Да, ребята, я решил жениться на Эмилии и навсегда покончить со старым. Я чувствовал себя свободным, с чистой совестью, точно послушная корова, которая мирно бредет со стадом, спокойно пережевывая свою жвачку. Мне казалось, что стоит сделать предложение Эмилии, и я получу отпущение всех былых грехов, и на меня снизойдет благополучие и тихий покой ее дома.
И я сделал ей предложение. В тот же вечер после ограбления банка. И она приняла его как королева, величественно и достойно. Я прожил семьянином пять дней, и какие это были сказочные дни, друзья! Мне казалось, что я попал в маленький степной рай. Вечерами она разжигала печурку, мы втроем садились у огня, и я мечтал о том, какие у нас будут бычки и овцы и какого пони я куплю Алексу — так звали мальчишку, и как мы переселимся в Калифорнию, и что будем там разводить на своей земле, и еще о многих чудесных вещах. Она слушала и соглашалась с каждым моим словом. Честное слово, лучше и покладистее женщины я никогда не видел.
А в это самое время за мной, оказывается, проследили полицейские ищейки от форта Смита до самого Вермонта. Сначала меня обвиняли в угоне скота, а теперь прибавилось еще ограбление банка. Этого с избытком хватало, чтобы засадить меня в Колумбус или в Пентонвилл до конца жизни.
Они приехали на ранчо утром шестого дня. Эмилия вышла из дома к колодцу за водой, но сразу же прибежала назад. Она потеряла по дороге платок с головы, волосы у нее рассыпались и глаза были испуганные.
— Полиция на ранчо! Они ищут тебя! Они перестреляют нас всех!
Она схватила маленького Алекса, унесла его в соседнюю комнату и снова появилась оттуда, держа в руках винчестер. На ходу она передернула затвор, проверяя, есть ли в магазине патроны. Теперь понимаете, что это была за женщина?
Я выхватил кольт и выглянул в окно. Почти у самого моего лица вспыхнул выстрел, и пуля разбила что-то на столе. В тот же миг над моим ухом оглушительно ударил винчестер. А потом началась карусель. Я стрелял, прикрывая левой рукой лицо от осколков стекла, сыпавшихся из оконных рам. Когда патроны в барабане кончались, начинала стрелять Эмилия, давая мне время перезарядить револьвер.
Полицейских было шесть или восемь, положение было безнадежным, и все-таки нам удавалось удерживать их на расстоянии сотни футов от дома. Пулями сорвало ручку у входной двери, расщепило табурет, перебило всю посуду на плите. Потом Эмилия перестала стрелять. Я оглянулся и увидел, что она лежит на полу. Тогда я понял, что все кончено. Пули свободно пробивали обмазанные глиной стены и просто чудом мне удалось продержаться еще минут десять.
Потом мне показалось, будто меня перерубили пополам и верхняя половина тела отвалилась от нижней. Стены ранчо качнулись, пол вздыбился и шлепнул меня по лицу, и больше я ничего не помню. Очнулся я в лазарете. Здесь. В Колумбусе.

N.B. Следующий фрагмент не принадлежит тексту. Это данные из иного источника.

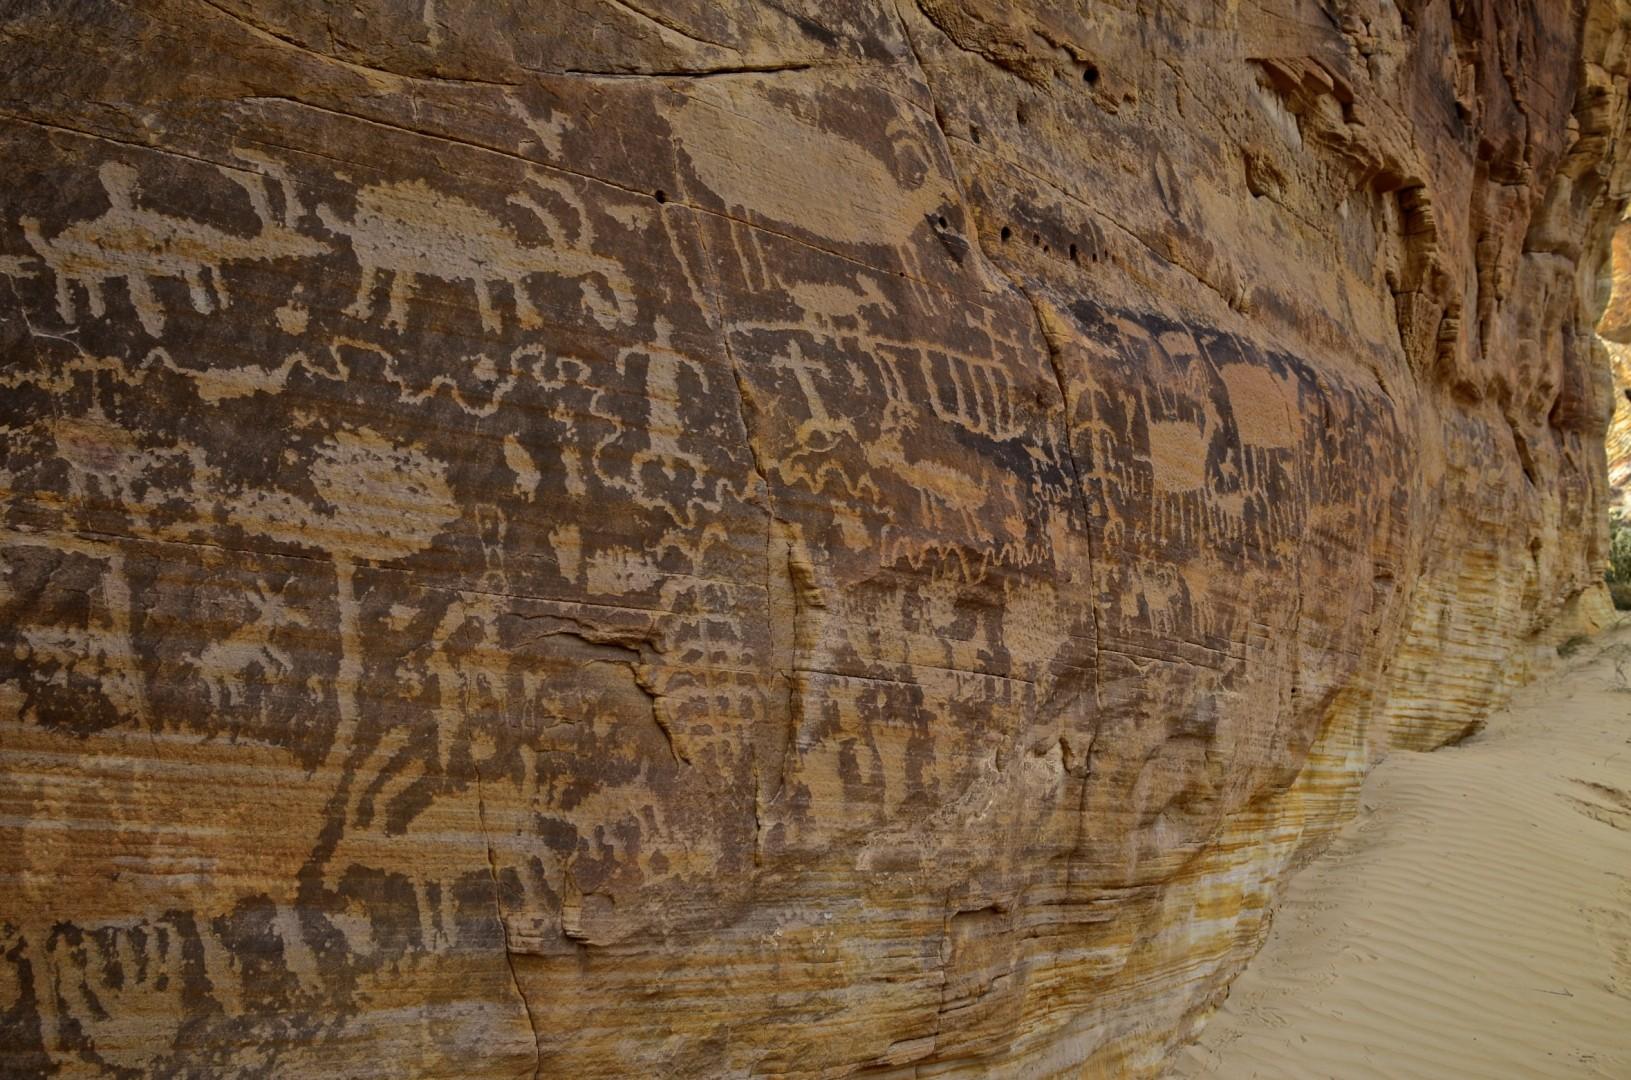 Kotha Circus Petroglyphs, near Mesquite, Nev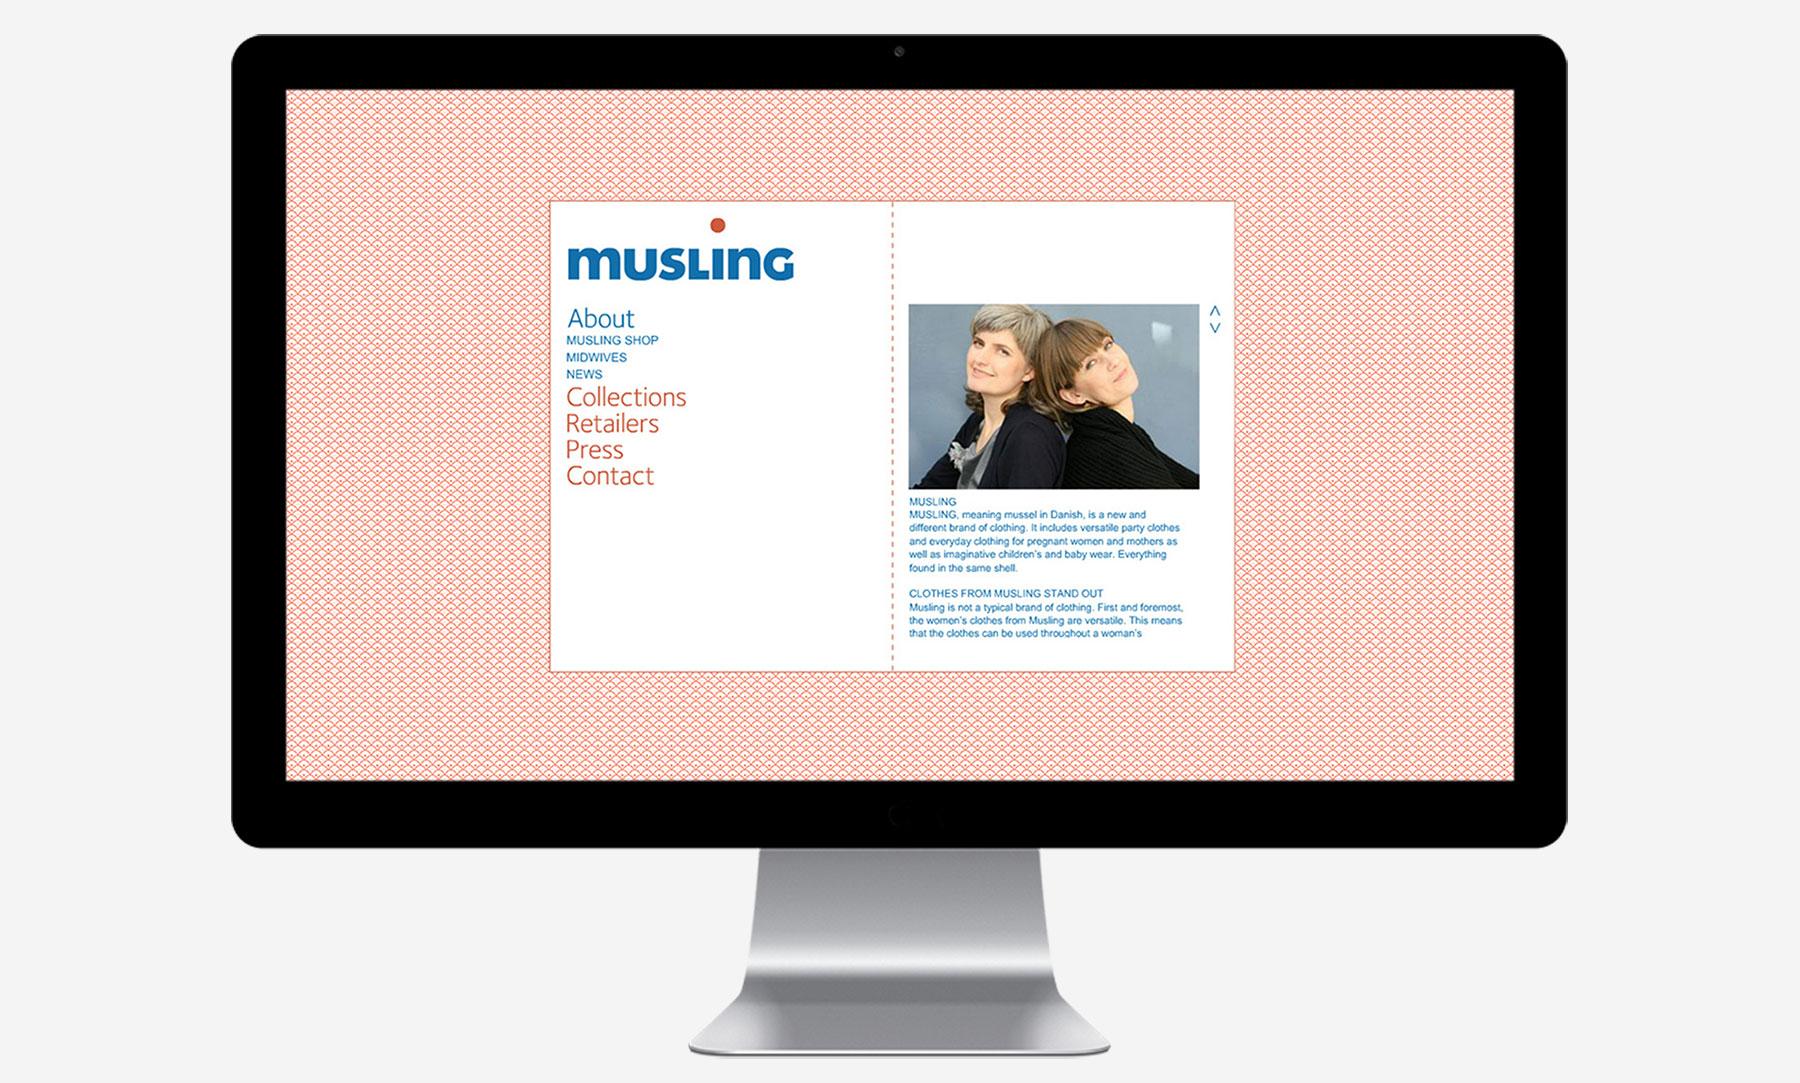 Musling: Desktop

Рэйдлер умолк, глядя широко раскрытыми глазами на пламя свечи. Тело его обмякло, осело на стуле, как мешок. Билл и Дженнингс молчали. Наконец Эль спросил:
— А что стало с мальчишкой?
— Не знаю. Говорили, что его отправили в исправительный дом где-то в Канзасе… Билл, мне кажется, в бутылке что-то осталось?
Билл посмотрел флакон на свет и передал его Рэйдлеру. Рэйдлер вытряхнул в рот остатки спирта и бросил пустой флакон на стол.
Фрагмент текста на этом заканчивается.